= Bambino (ice-cream) =

Polish ice cream brand
Bambino is a basic type of ice cream first sold in the Polish People's Republic (PRL). It is shaped as a bar, served on a wooden stick. Many factories produced it, varying its packaging and recipe. The name comes from the Italian word "bambino", which means "child".

Since 1968 the product is produced by Łódź based Jogo dairy cooperative.

== History ==
The production of Bambino ice cream started in the early 1960s, after the Polish government acquired Danish machinery. The ice cream was available in cream, chocolate, strawberry and coffee flavors. It was available with chocolate frosting.

Customarily the ice cream was packed in brown, stiff paper and usually sold on the beach or street from white boxes filled with sawdust or artificial ice. Sellers used slogans to praise their products. For a long time, bambino was the only kind of ice cream on a stick sold in the country.

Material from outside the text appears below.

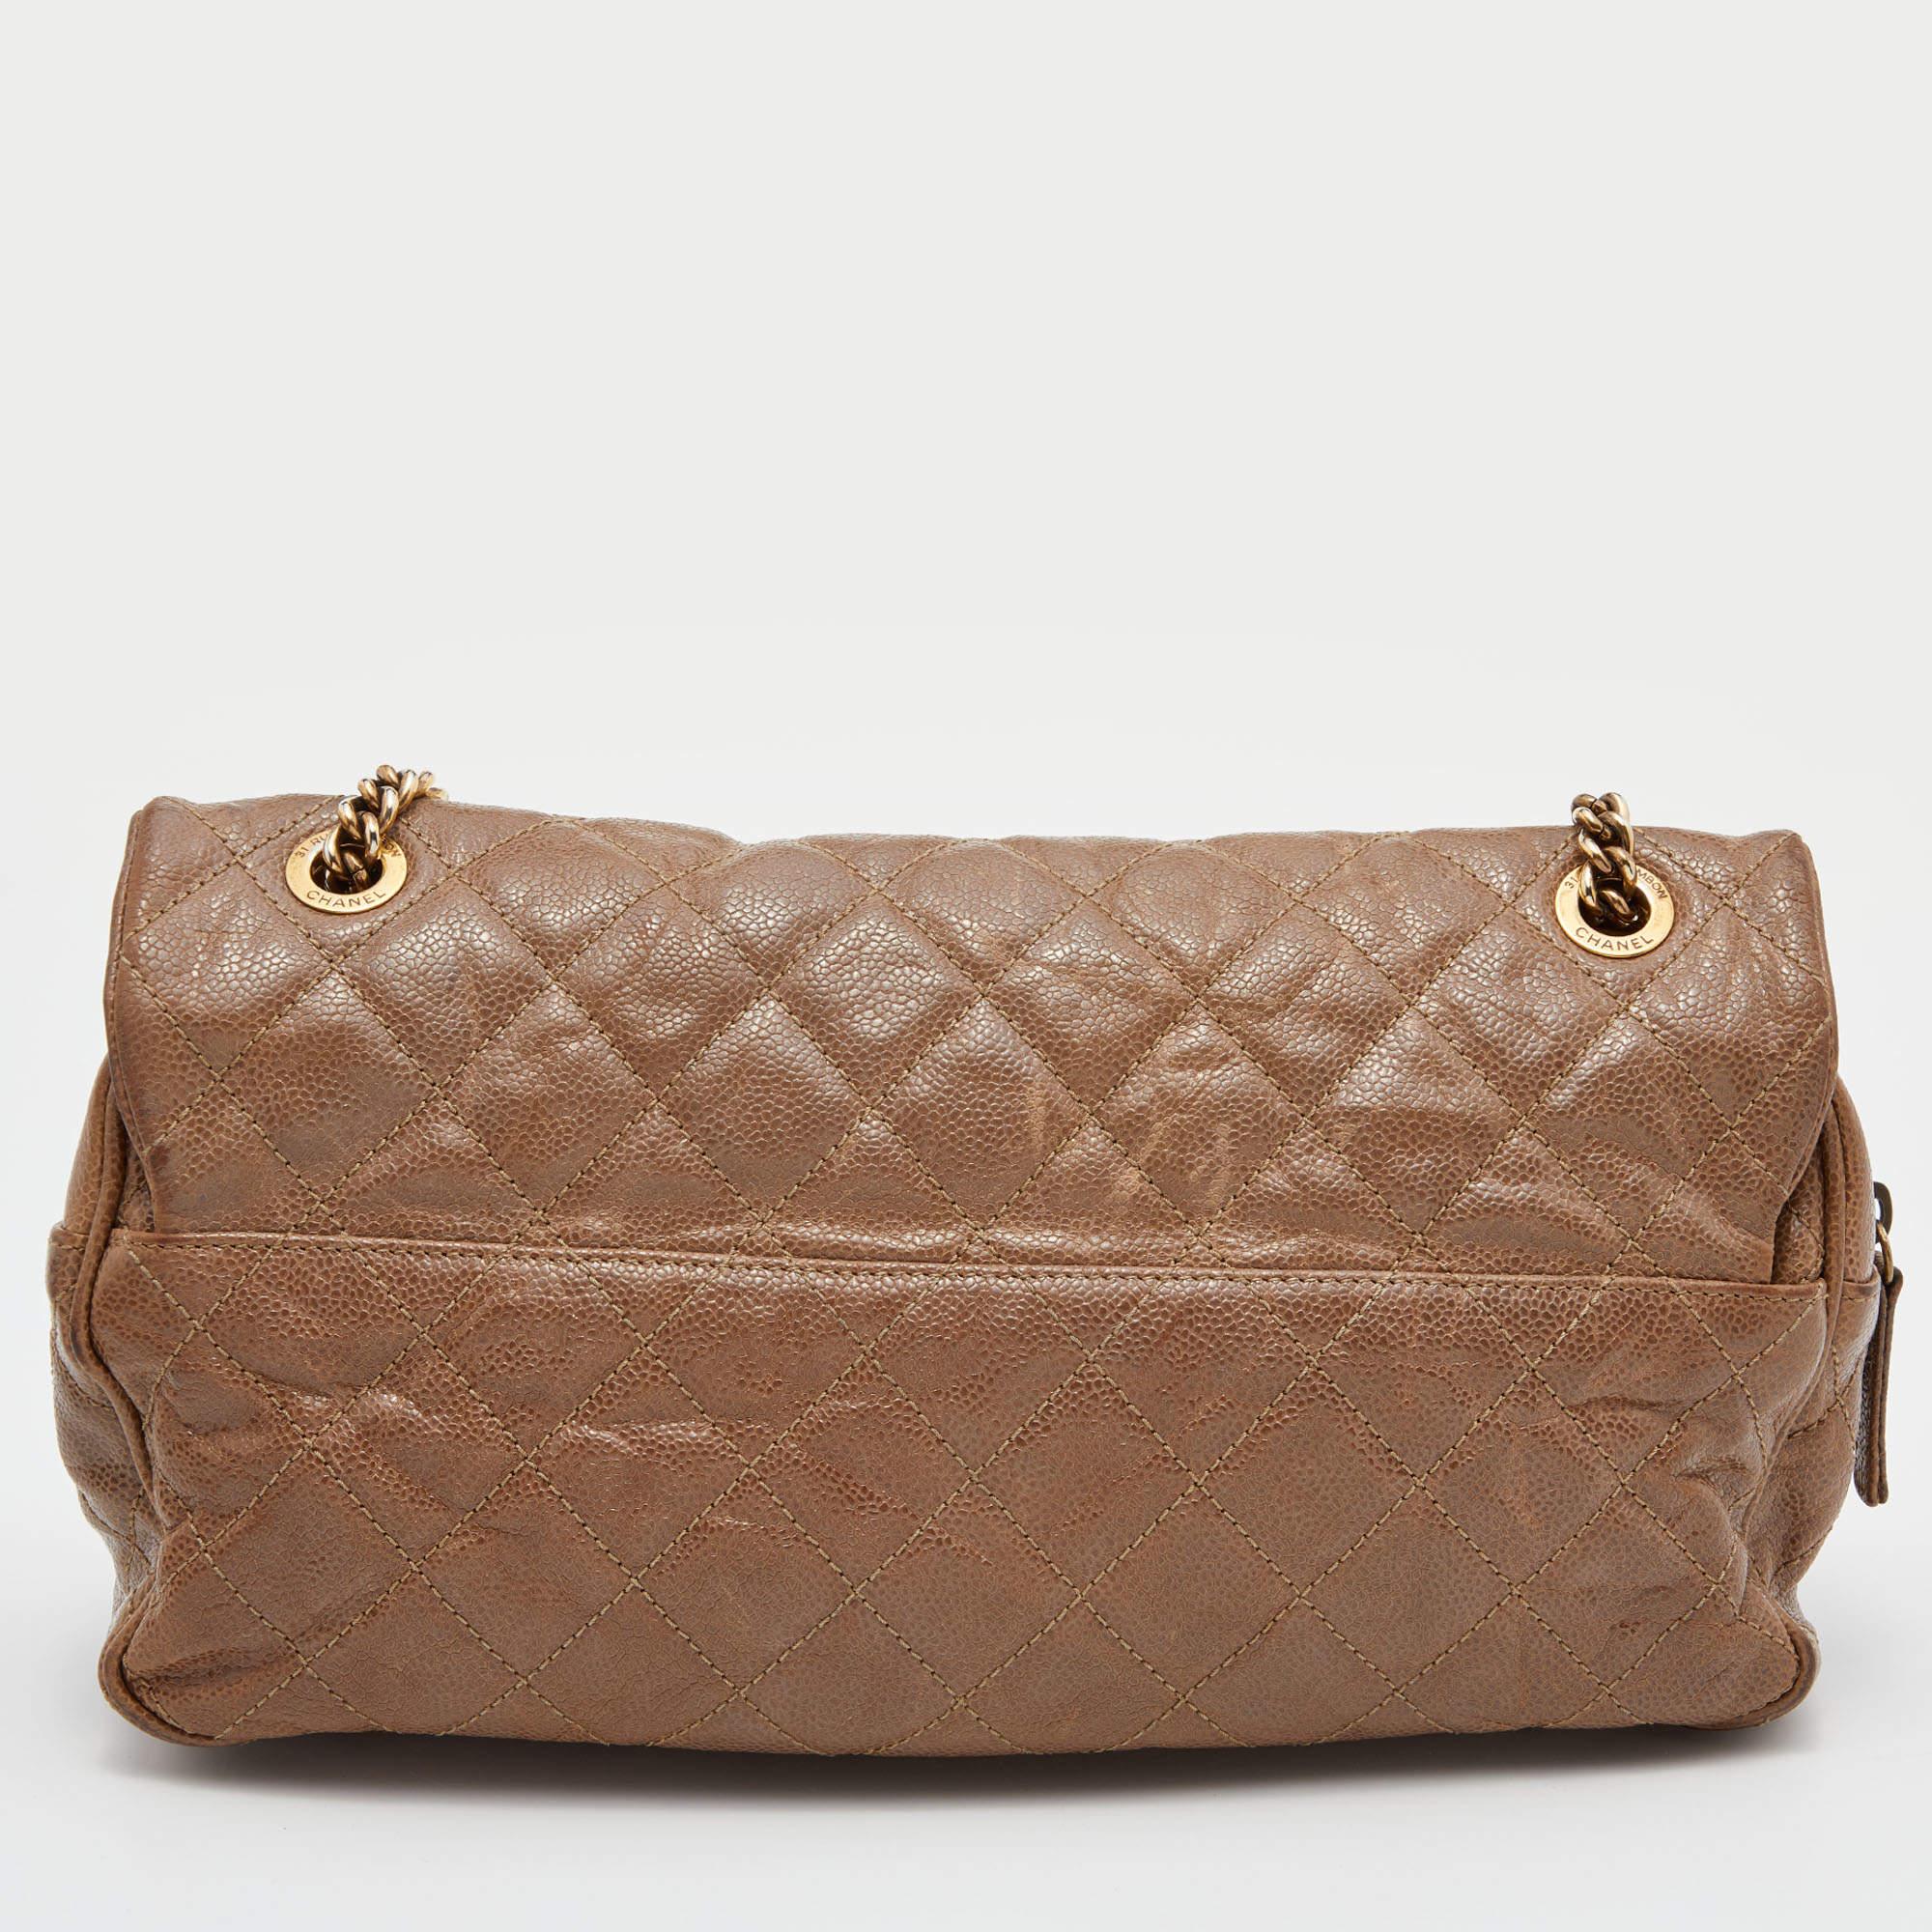 The house of Chanel offers this beautiful Maxi Shiva Flap bag to help you create timeless style edits every season. Crafted using brown leather and added with iconic details, this piece will put a touch of luxury to any edit.

Today the packaging has been updated and is light brown and blue and features a polar bear.

== Calypso ==
A variation of bambino without the wooden stick was called Calypso. Sometimes it was served between two waffles. It was widely produced. The largest supplier was the State Cold Store in Gdańsk, today known as Lodmor. The wrapping included a profile of the head of a small woman of African descent next to the manufacturer's logo that depicted a sea lion.

== Cultural references ==
The song "Bambino Ice Cream" (Lody Bambino) was released by the band Diament. Bartek Koziczyński mentioned it in his book "333 popkultowe rzeczy. Lata 90". He emphasized the usefulness of the stick in home health prophylaxis: it was used instead of a spatula for throat examination.